According to the experimental data of the aquathermolysis experiments, the activation energy and frequency factor were estimated by a Kapadia kinetics model [15]. As shown in Figure 3a, the reaction time had a linear relation with the concentrations of H2S [24]. The reaction time and the concentration of H2S were fitted, with the slope of the regression lines showing the values of reaction rates (k) at different temperatures. It can be seen from Figure 3a that the reaction rates at 300 °C and 270 °C are 0.0000467 and 0.00001933, respectively. Figure 3b shows the relationship between the reaction rates (k) and temperatures (T). The corresponding kinetic parameters (activation energy and frequency factor) were obtained according to the slope and intercept of the interpolation line (Figure 3b), which are 76.12 kJ/mol and 404.03 1/day, respectively.

2.4.2. One-Dimensional CSS Experiment

The results of the one-dimensional CSS experiment are shown in Figure 4. As shown in Figure 4a, the sandpack model pressure increased during the steam injection. Once the target pressure was reached, the soaking began, and then the sandpack model pressure tended to be stable. When the soaking was completed, the pressure decreased at 1 MPa/h. In addition, as the CSS cycle increased, the oil production gradually dropped while the water cut gradually increased (Figure 4b). The oil recovery at the end of the eighth cycle reached 40.10% (Figure 4a).
The results of gas chromatography are shown in Table 3. It can be seen from Table 3 that the H2S concentration increased from 0.000077% (0.77 ppm) in the first cycle to 0.000194% (1.94 ppm) in the eighth cycle during the one-dimensional CSS experiment.
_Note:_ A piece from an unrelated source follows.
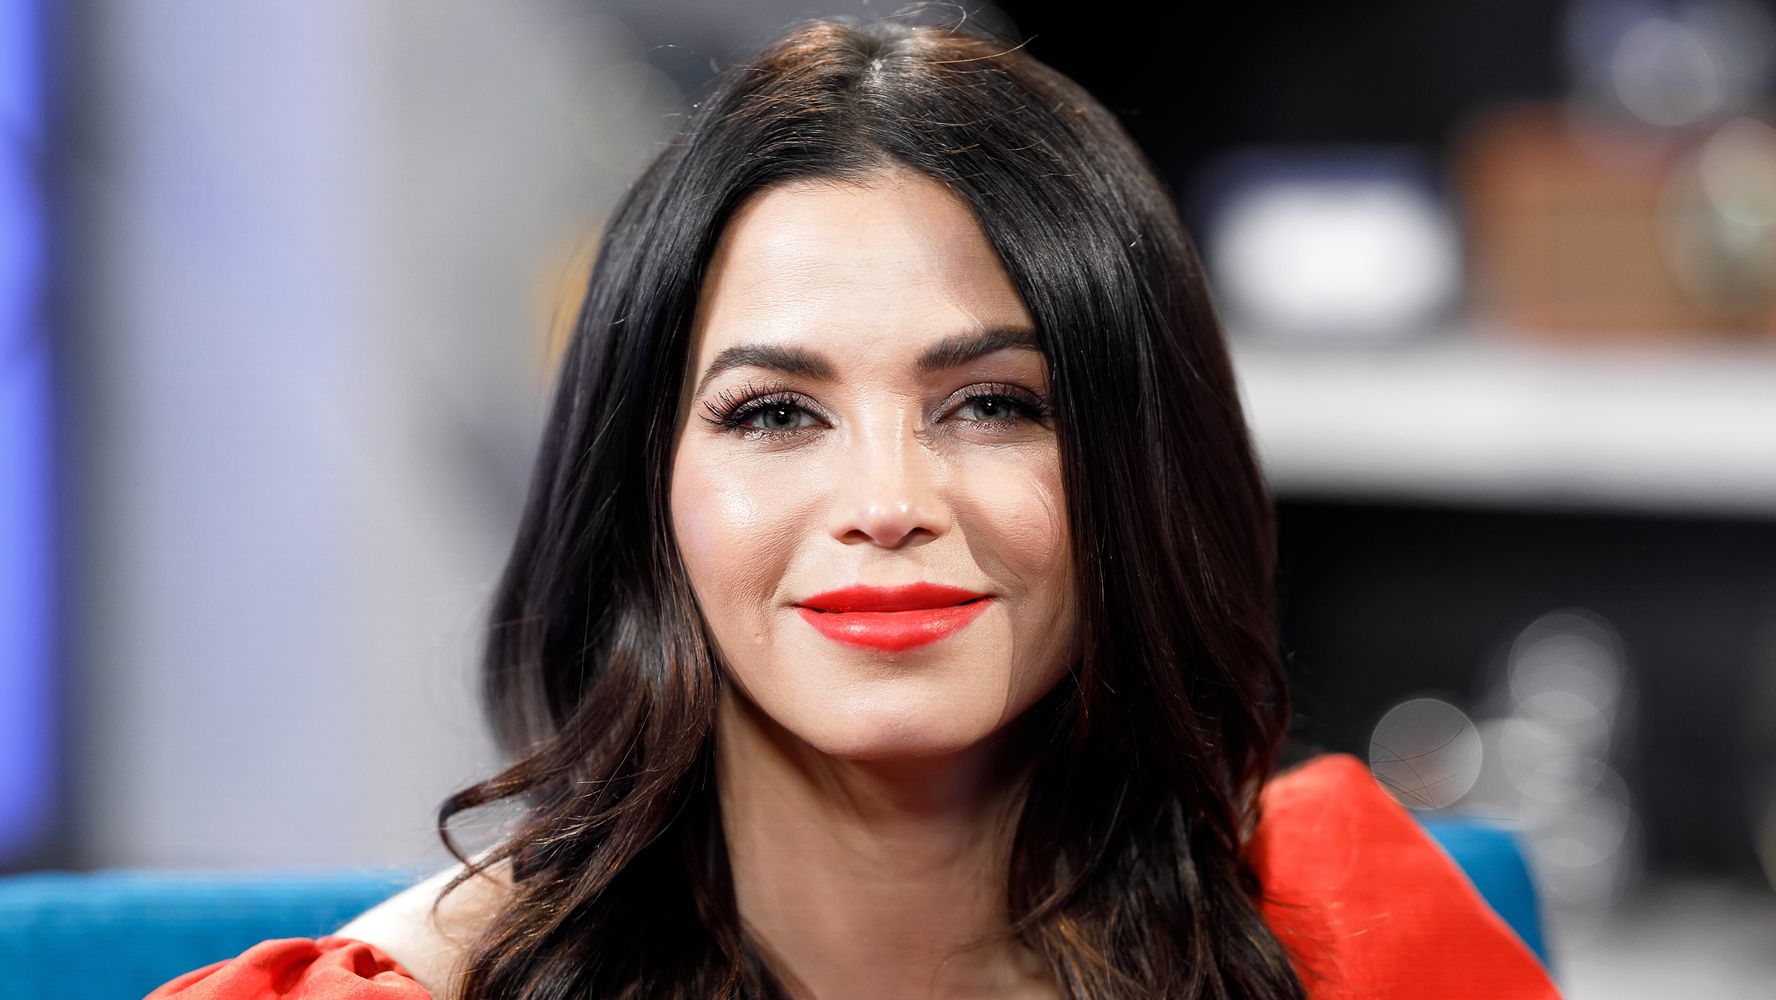 Jenna Dewan On Daughter's Birth: Ex Channing Tatum 'Wasn't Available' For Weeks After

This is because the injected amount of steam increased as the oil was produced, resulting in stronger aquathermolysis reactions. However, it is noted that, after the fourth cycle, the amount of oil saturation was gradually reduced. Therefore, the concentration of H2S at the end of the eighth cycle was only 0.000004% higher than that at the end of the fourth cycle. In addition, the relative volume of CO2 decreased from 98.08% to 89.769% due to the generation of more types of gases during the aquathermolysis reactions and steam extraction.

3. Numerical Simulation

3.1. One-Dimensional Numerical Simulation

3.1.1. Building the One-Dimensional Numerical Simulation Model

In this study, CMG-STARS software was used to develop a numerical model to simulate the H2S generation during the one-dimensional CSS experiment. According to the size of the one-dimensional sandpack model, a one-dimensional numerical simulation model was established, as shown in Figure 5. Reasonable grid size and step size can not only approach reality, but also improve the operational speed of the grid model. Therefore, the one-dimensional numerical simulation model included 48 × 19 × 19 (17328) grids, and the grid size was 1 cm (X) × 0.2 cm (Y) × 0.2 cm (Z). The reservoir properties (porosity, permeability, oil saturation) were obtained from the experimental data, and Table 4 shows the other reservoir and rock properties used in the model.
In this study, the fluid model was set up with three components: water, heavy oil, and H2S. The density and oil volume factors of heavy oil are 955.977 (kg/m3) and 1.035, respectively. The viscosity–temperature curve of heavy oil, oil–water relative permeability curve, and gas–liquid relative permeability curve adopted in the model are shown in Figure 6 and Figure 7.
The kinetic parameters (activation energy and frequency factor) used in the numerical simulation model were obtained from the aforementioned studies (Figure 3), and the following reaction Equation (6) was applicable to describe the generation of H2S during the CSS process.
Heavy Oil→H2S
The production parameters of wells in the model are consistent with the operating parameters during the one-dimensional CSS experiment.

3.1.2. History Matching

Taking the cumulative oil production and H2S production of the one-dimensional CSS experiment as the fitting targets, the matching was carried out by mainly adjusting the relative permeability curve and kinetic parameters, such as activation energy and frequency factor in the developed numerical simulation model. As shown in Figure 8, the simulated cumulative oil production and H2S production are consistent with those obtained by experiments. The average absolute errors between the measured and simulated cumulative oil production and H2S production were 4.31% and 12.46%, respectively. All the results indicate that the measured and simulated H2S production had a good consistency, and the developed model can accurately predict H2S production during CSS processes. Therefore, the calibrated parameters were used to predict H2S production in the following reservoir numerical simulation.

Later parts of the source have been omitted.